Dans les critiques, on accuse souvent l’animateur Guy A. Lepage d’être complaisant, arrogant et même
condescendant avec ses invités. Ce n’est vraiment pas mon expérience. Après le tournage de l’émission,
le jeudi soir, il y avait une phrase que je regrettais avoir dite durant l’entrevue; j’ai donc demandé à
Lepage s’il pouvait l’enlever au montage et il m’a répondu spontanément qu’il n’y avait aucun problème.
J’ai compris alors qu’il ne voulait pas ridiculiser ses invités; au contraire, il cherche à les valoriser et à
bien les présenter.
Depuis mon passage à cette émission, je continue régulièrement à la regarder. À chaque semaine, je me
divertis et j’apprends des choses sur l’actualité.

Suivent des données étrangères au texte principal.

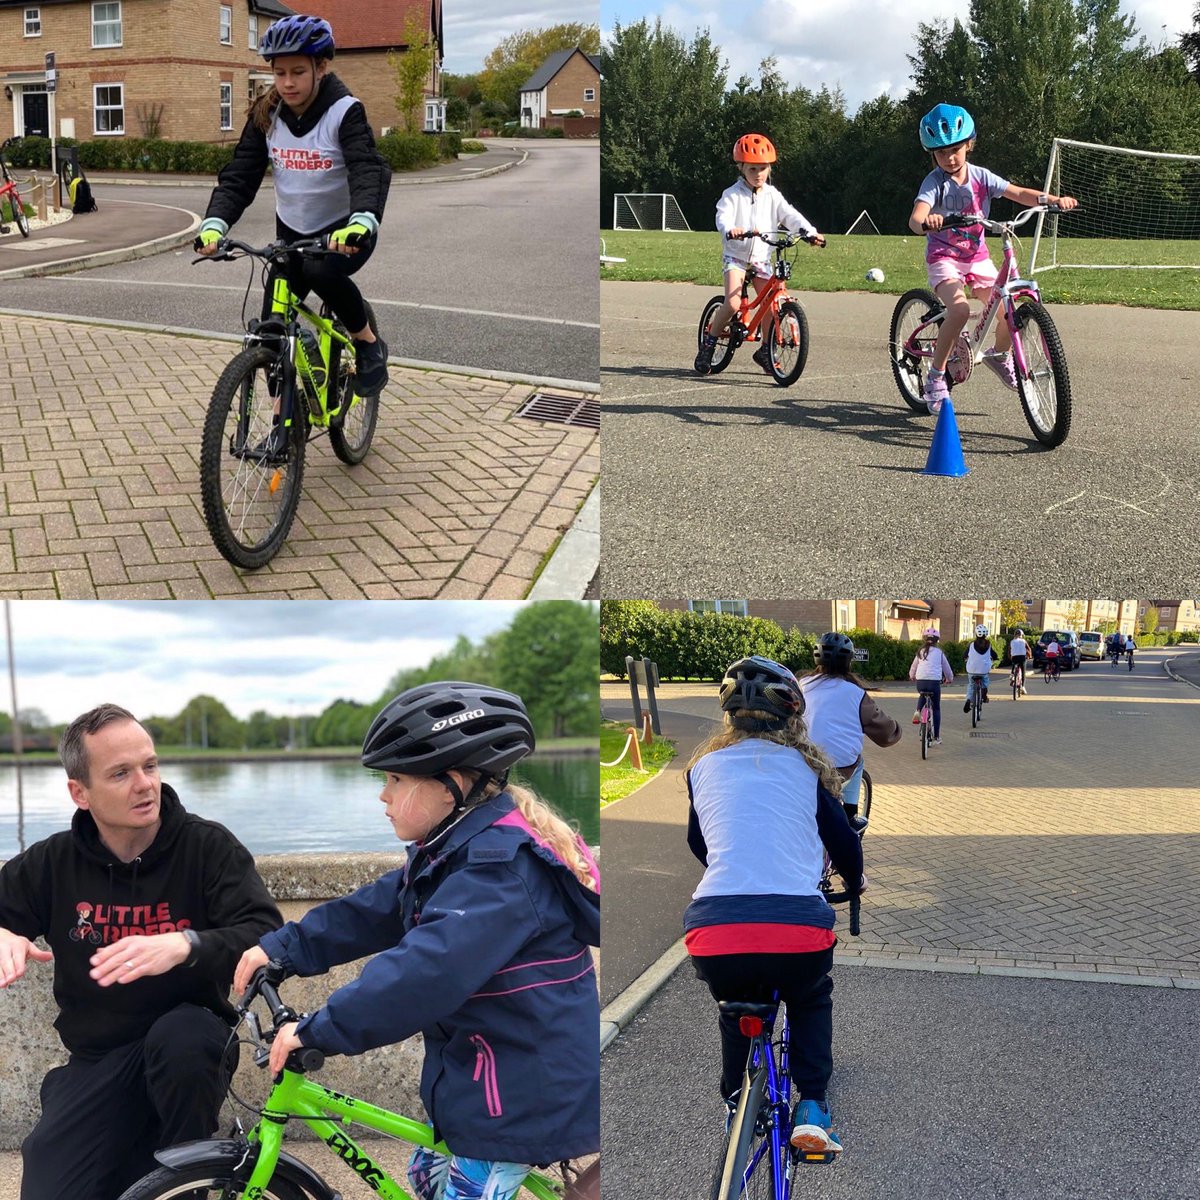 EASTER CYCLING COURSES 🐣 During the Easter holidays we are running a variety of courses. 🚴‍♂️ Learn to Ride Course (4yrs+) littleridersuk.co.uk/learntoride 🚴‍♂️ Bikeability Course (9 yrs+)littleridersuk.co.uk/bikeability

Je crois sincèrement que Tout le monde en parle nous
offre une tribune pour parler à des millions de québécois qu’on ne pourrait rejoindre autrement. Et s’il
arrive que certains invités se sentent frustrés de leur participation à l’émission, c’est peut-être parce
qu’ils ont des choses à se reprocher. La culture populaire insiste davantage aujourd’hui sur la télé-réalité.
Une chose est certaine, le vin qu’on sert à l’émission, il faut en prendre avec modération, car la boisson
c’est comme l’instruction, ça ne fait pas à tout le monde.